WORK TASK: Please make sure what you return matches the listing below exactly, minus its pictures.

DATASET EXCERPT:
= Beginning of Section =

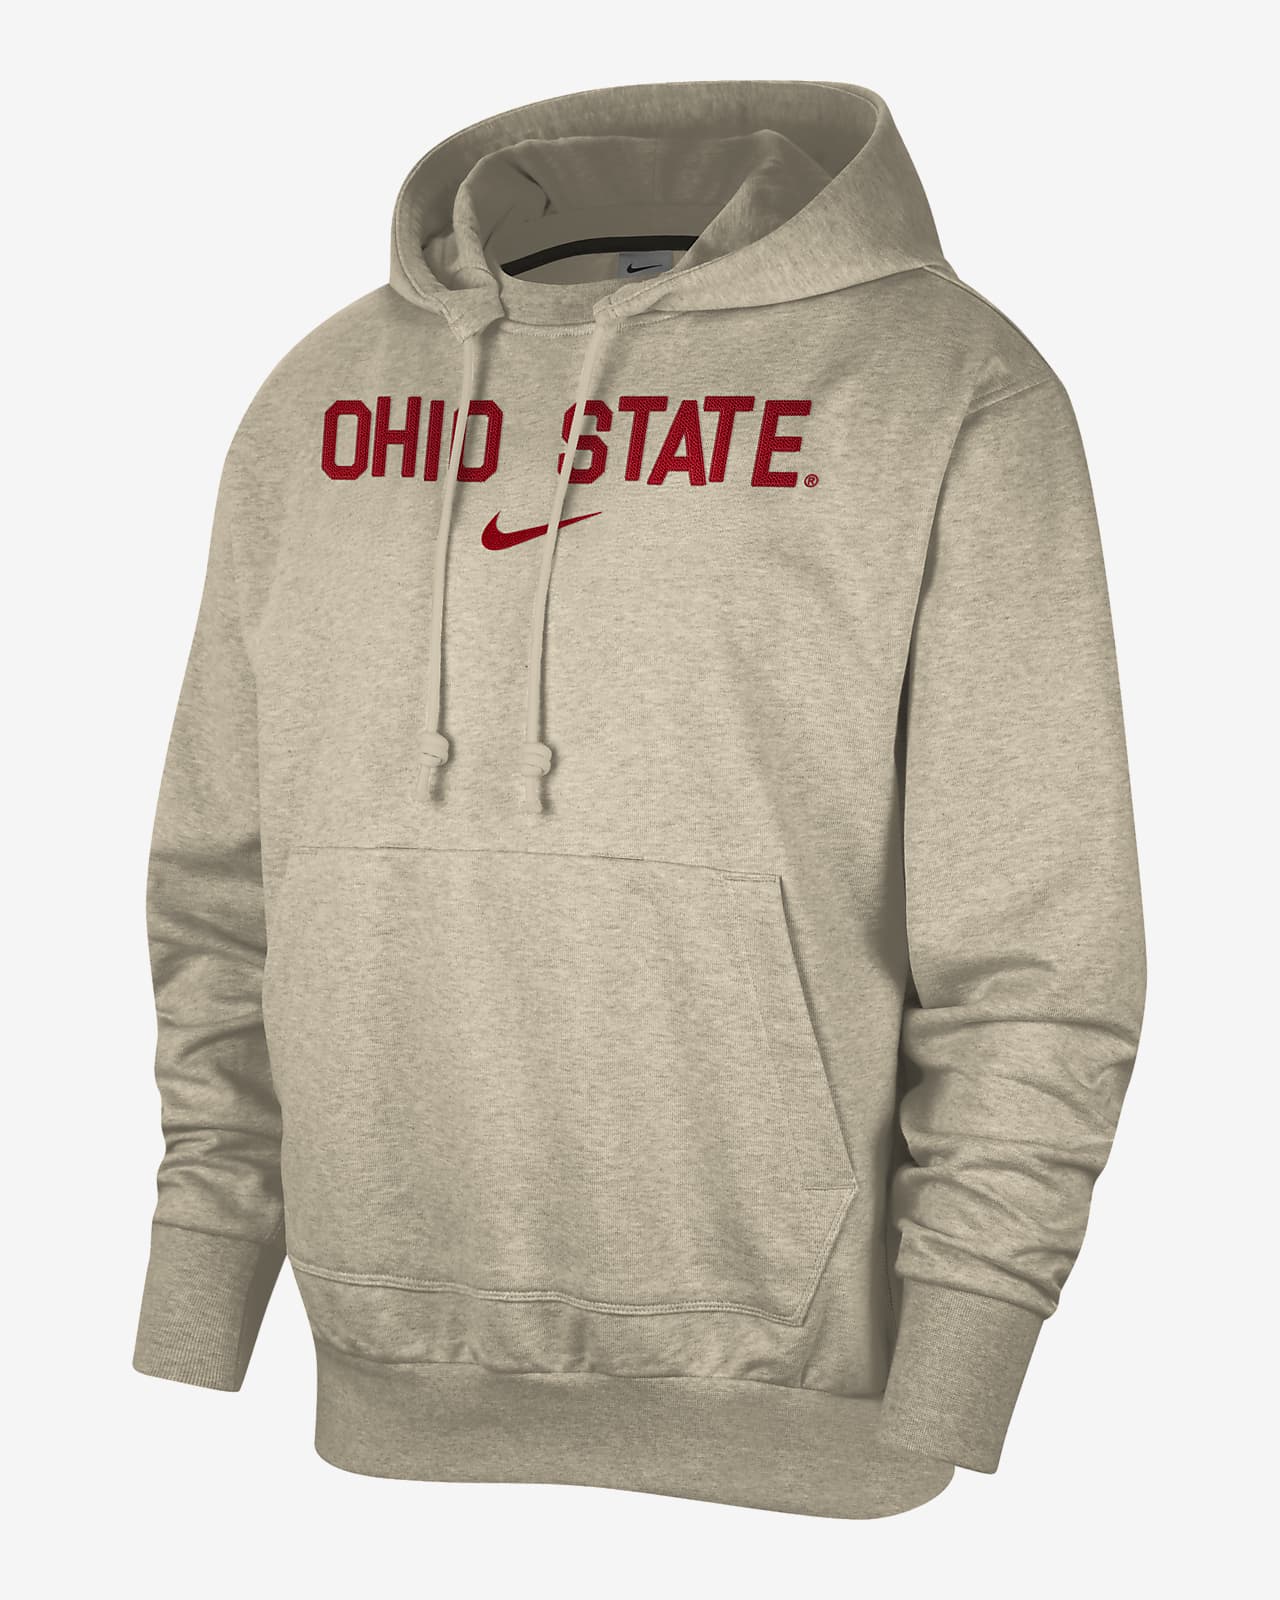 https://static.nike.com/a/images/t_PDP_1280_v1/f_auto,q_auto:eco/14aae6a4-90d6-46a9-a77d-2ff4f88d80bc/ohio-state-standard-issue-menspullover-hoodie-qMr3mR.png
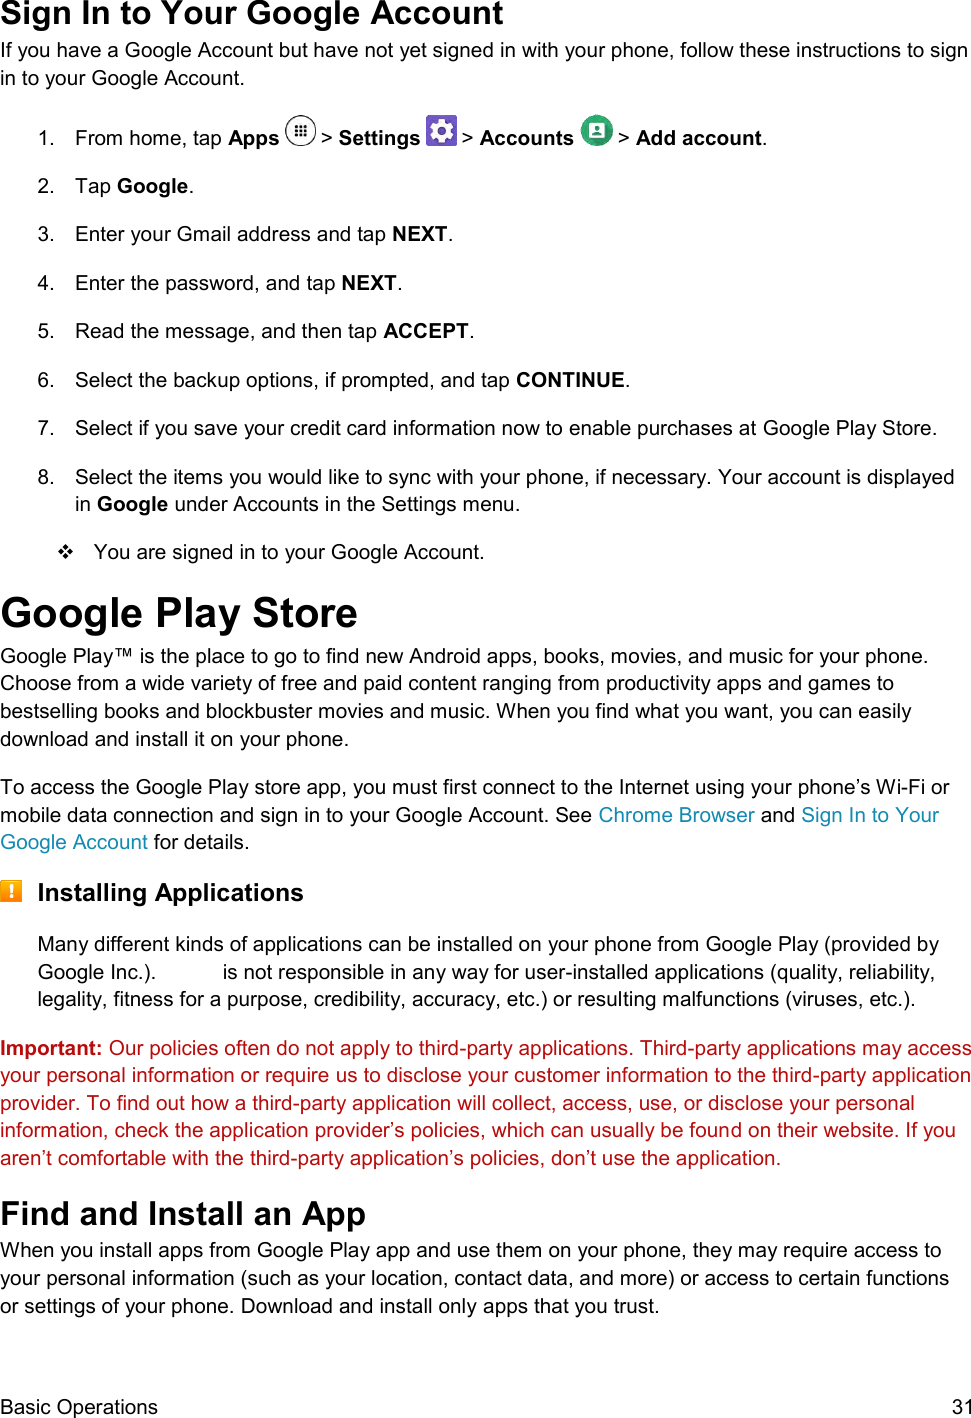  Basic Operations  31 Sign In to Your Google Account If you have a Google Account but have not yet signed in with your phone, follow these instructions to sign in to your Google Account. 1.  From home, tap Apps   &gt; Settings   &gt; Accounts   &gt; Add account.  2.  Tap Google.  3.  Enter your Gmail address and tap NEXT.  4.  Enter the password, and tap NEXT. 5.  Read the message, and then tap ACCEPT. 6.  Select the backup options, if prompted, and tap CONTINUE. 7.  Select if you save your credit card information now to enable purchases at Google Play Store. 8.  Select the items you would like to sync with your phone, if necessary. Your account is displayed in Google under Accounts in the Settings menu.   You are signed in to your Google Account. Google Play Store  Google Play™ is the place to go to find new Android apps, books, movies, and music for your phone. Choose from a wide variety of free and paid content ranging from productivity apps and games to bestselling books and blockbuster movies and music. When you find what you want, you can easily download and install it on your phone. To access the Google Play store app, you must first connect to the Internet using your phone’s Wi-Fi or mobile data connection and sign in to your Google Account. See Chrome Browser and Sign In to Your Google Account for details.  Installing Applications Many different kinds of applications can be installed on your phone from Google Play (provided by Google Inc.).   is not responsible in any way for user-installed applications (quality, reliability, legality, fitness for a purpose, credibility, accuracy, etc.) or resulting malfunctions (viruses, etc.). Important: Our policies often do not apply to third-party applications. Third-party applications may access your personal information or require us to disclose your customer information to the third-party application provider. To find out how a third-party application will collect, access, use, or disclose your personal information, check the application provider’s policies, which can usually be found on their website. If you aren’t comfortable with the third-party application’s policies, don’t use the application. Find and Install an App When you install apps from Google Play app and use them on your phone, they may require access to your personal information (such as your location, contact data, and more) or access to certain functions or settings of your phone. Download and install only apps that you trust. 
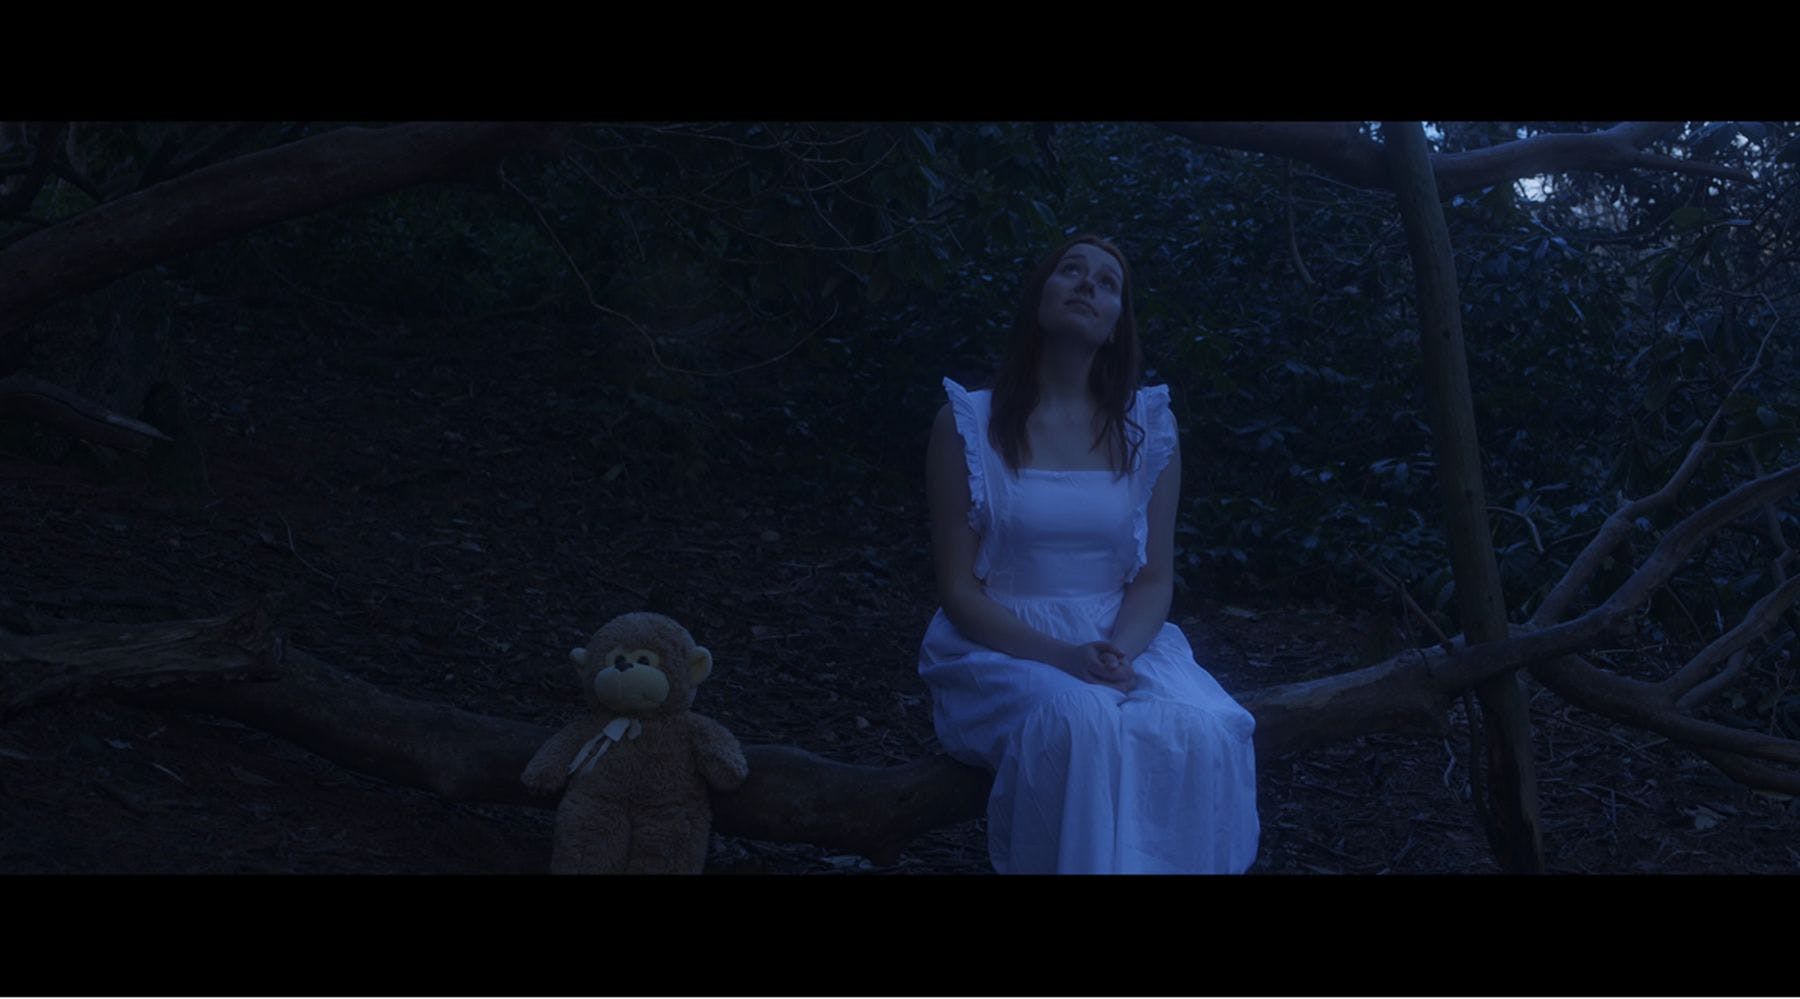 Film still from 'Otherhood' by Maria Bors

= End of Section =

ANSWER TO THIS PROBLEM:
 https://static.nike.com/a/images/t_PDP_1280_v1/f_auto,q_auto:eco/14aae6a4-90d6-46a9-a77d-2ff4f88d80bc/ohio-state-standard-issue-menspullover-hoodie-qMr3mR.png
  Basic Operations  31 Sign In to Your Google Account If you have a Google Account but have not yet signed in with your phone, follow these instructions to sign in to your Google Account. 1.  From home, tap Apps   &gt; Settings   &gt; Accounts   &gt; Add account.  2.  Tap Google.  3.  Enter your Gmail address and tap NEXT.  4.  Enter the password, and tap NEXT. 5.  Read the message, and then tap ACCEPT. 6.  Select the backup options, if prompted, and tap CONTINUE. 7.  Select if you save your credit card information now to enable purchases at Google Play Store. 8.  Select the items you would like to sync with your phone, if necessary. Your account is displayed in Google under Accounts in the Settings menu.   You are signed in to your Google Account. Google Play Store  Google Play™ is the place to go to find new Android apps, books, movies, and music for your phone. Choose from a wide variety of free and paid content ranging from productivity apps and games to bestselling books and blockbuster movies and music. When you find what you want, you can easily download and install it on your phone. To access the Google Play store app, you must first connect to the Internet using your phone’s Wi-Fi or mobile data connection and sign in to your Google Account. See Chrome Browser and Sign In to Your Google Account for details.  Installing Applications Many different kinds of applications can be installed on your phone from Google Play (provided by Google Inc.).   is not responsible in any way for user-installed applications (quality, reliability, legality, fitness for a purpose, credibility, accuracy, etc.) or resulting malfunctions (viruses, etc.). Important: Our policies often do not apply to third-party applications. Third-party applications may access your personal information or require us to disclose your customer information to the third-party application provider. To find out how a third-party application will collect, access, use, or disclose your personal information, check the application provider’s policies, which can usually be found on their website. If you aren’t comfortable with the third-party application’s policies, don’t use the application. Find and Install an App When you install apps from Google Play app and use them on your phone, they may require access to your personal information (such as your location, contact data, and more) or access to certain functions or settings of your phone. Download and install only apps that you trust. 
 Film still from 'Otherhood' by Maria Bors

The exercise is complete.